The following "Facilities Nondiscrimination" clause shall be incorporated in all future leases where (a) the total rental is in excess of $10,000 per year, or (b) the total rental under the new lease, combined with the total rental under all other NASA leases of space in the same building, exceeds $10,000 per year. FACILITIES NONDISCRIMINATION (AUGUST 1963)

(1) As used in this clause, the term "facility" means stores, shops, restaurants, cafeterias, restrooms, and any other facility of a public nature in the building in which the space covered by this lease is located.

(2) The lessor agrees that he will not discriminate by segregation or otherwise against any person or persons because of race, creed, color, or national origin in furnishing, or by refusing to furnish, to such person or persons the use of any facility, including any and all

services, privileges, accommodations, and activities provided thereby. Nothing herein shall require the furnishing to the general public of the use of any facility customarily furnished by the lessor solely to tenants, their employees, customers, patients, clients, guests, and invitees.

(3) It is agreed that the lessor's noncompliance with the provisions of this clause shall constitute a material breach of this lease. In the event of such noncompliance, the Government may take appropriate action to enforce compliance, may terminate this lease, or may pursue such other remedies as may be provided by law. In the event of termination, the lessor shall be liable for all excess costs of the Government in acquiring substitute space, including but not limited to the cost of moving to such space. Substitute space shall be obtained in as close proximity to the lessor's buildings as is feasible and moving costs will be limited to the actual expenses thereof as incurred.
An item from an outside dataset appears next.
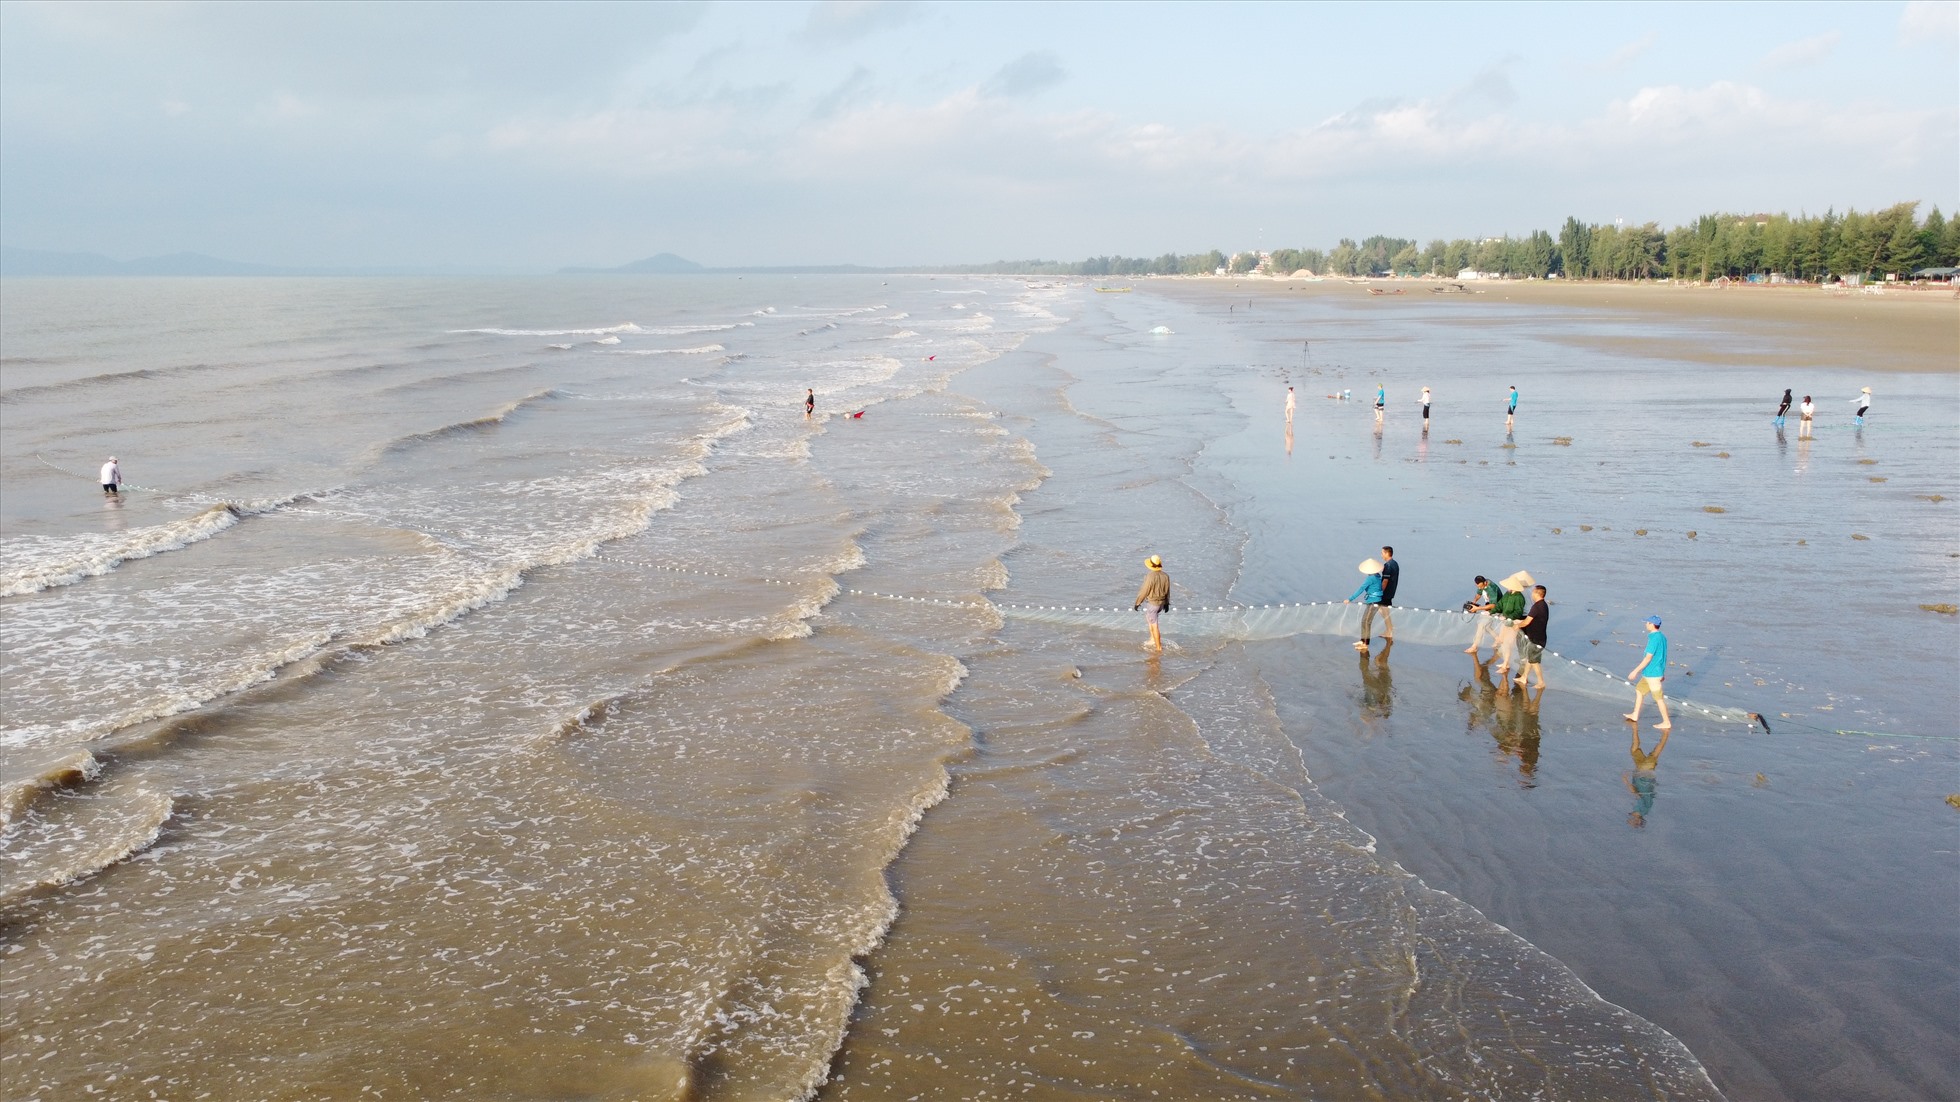 Bãi biển Trà Cổ giữ nét hoang sơ được coi là độc nhất vô nhị trong hệ thống biển đảo Việt Nam.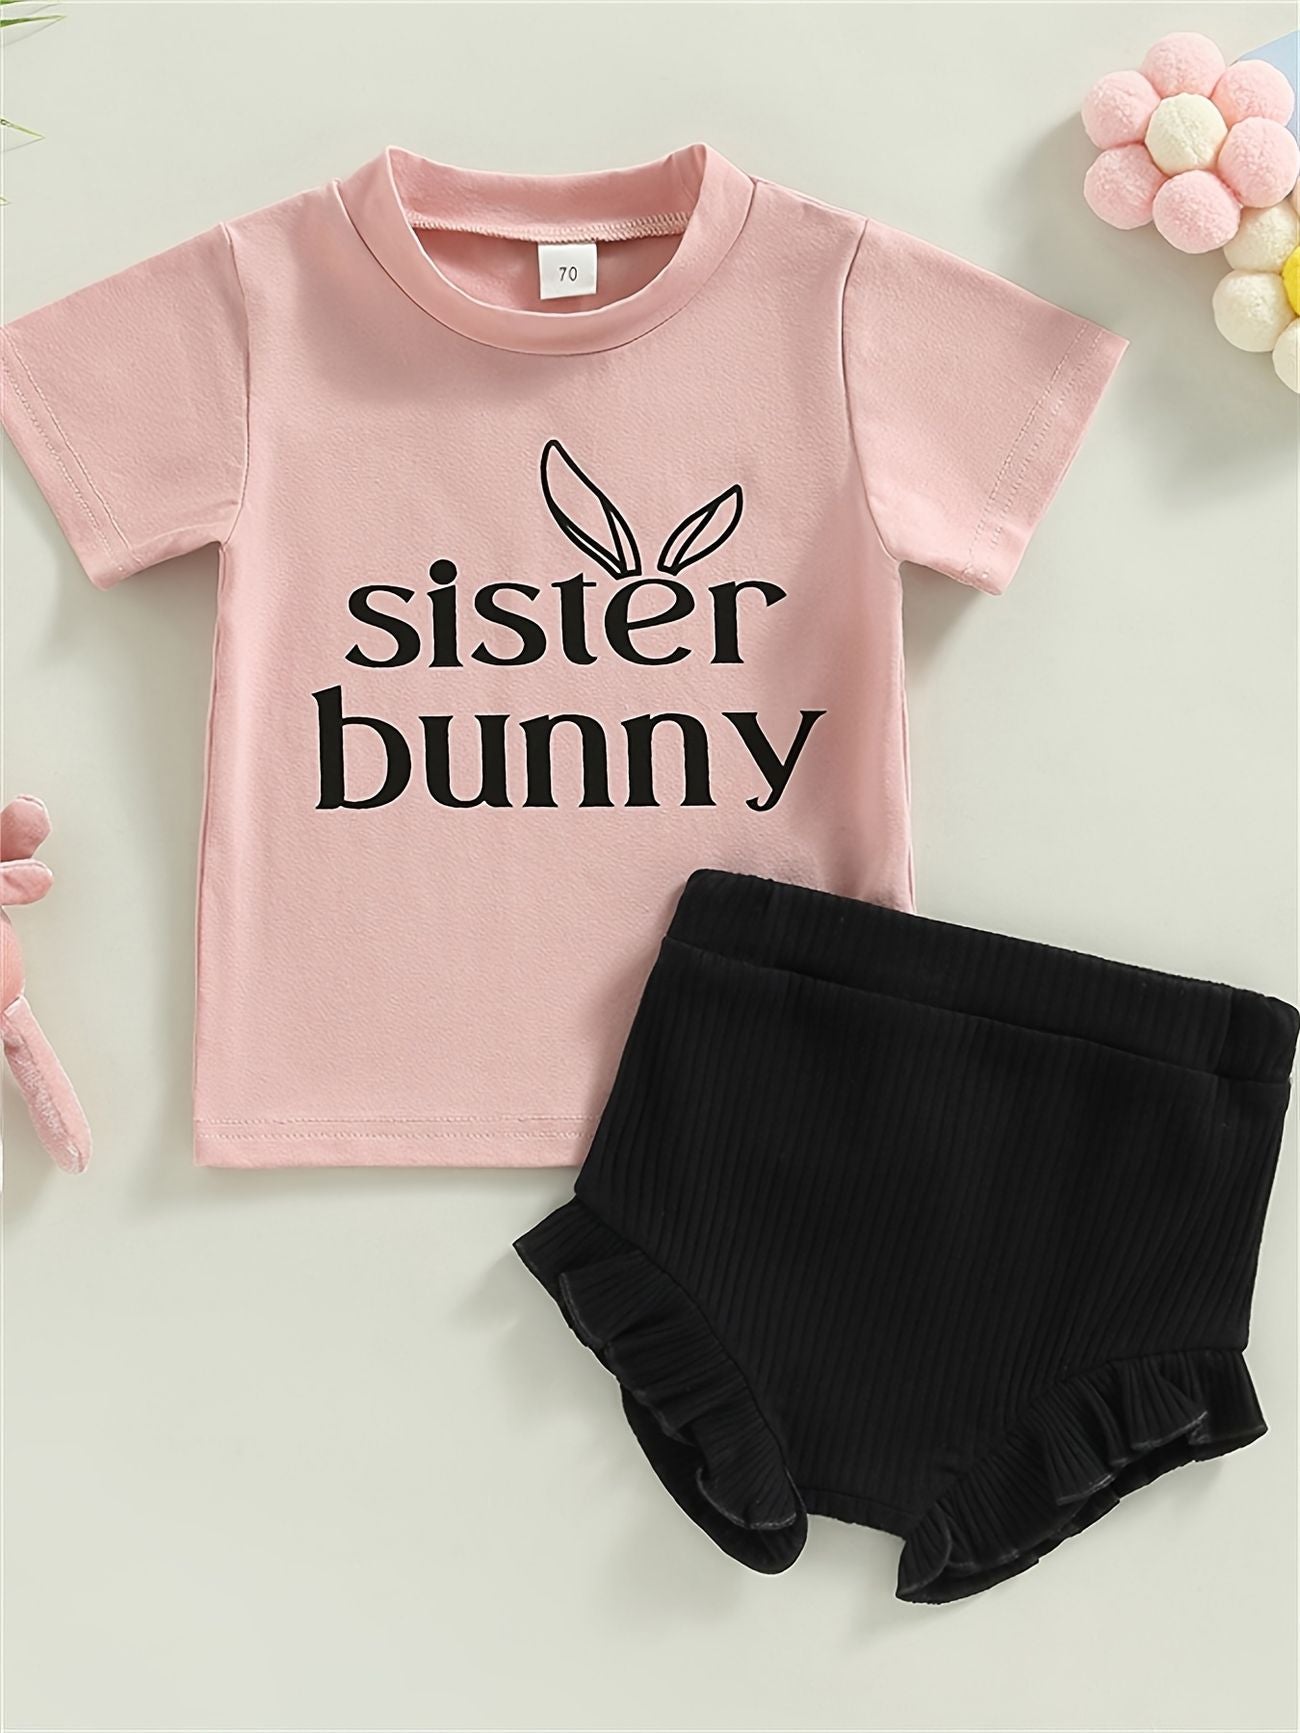 Sister Bunny

(4) It is agreed that from and after the date hereof the lessor will, at such time as any agreement is to be entered into or a concession is to be permitted to operate, include or require the inclusion of, the foregoing provisions of this clause in every such agreement or concession pursuant to which any person other than the lessor operates or has the right to operate any facility. Nothing herein contained, however, shall be deemed to require the lessor to include or require the inclusion of the foregoing provisions of this clause in any existing agreement or concession arrangement or one in which the contracting party other than the lessor has the unilateral right to renew or extend the agreement or arrangement, until the expiration of the existing agreement or arrangement and the unilateral right to renew or extend. The lessor also agrees that he will take any and all lawful actions as expeditiously as possible, with respect to any such agreement as NASA may direct as a means of enforcing the intent of this clause, including, but not limited to, termination of the agreement or concession and institution of court action.

§ 18-1.350-3 Lease amendments and renewals.

(a) Prior to executing any amendment to a lease or exercising a lease renewal option, where the total rental exceeds $10,000 per year, the lessor shall be requested to enter into a supplemental agreement to incorporate in the lease, as part of the rental consideration, the "Facilities Nondiscrimination" clause set forth in § 18-1.350-2.

(b) The "Facilities Nondiscrimination" clause shall also be incorporated when the total aggregate rental of multiple NASA leases in a building is in excess of $10,000 per year.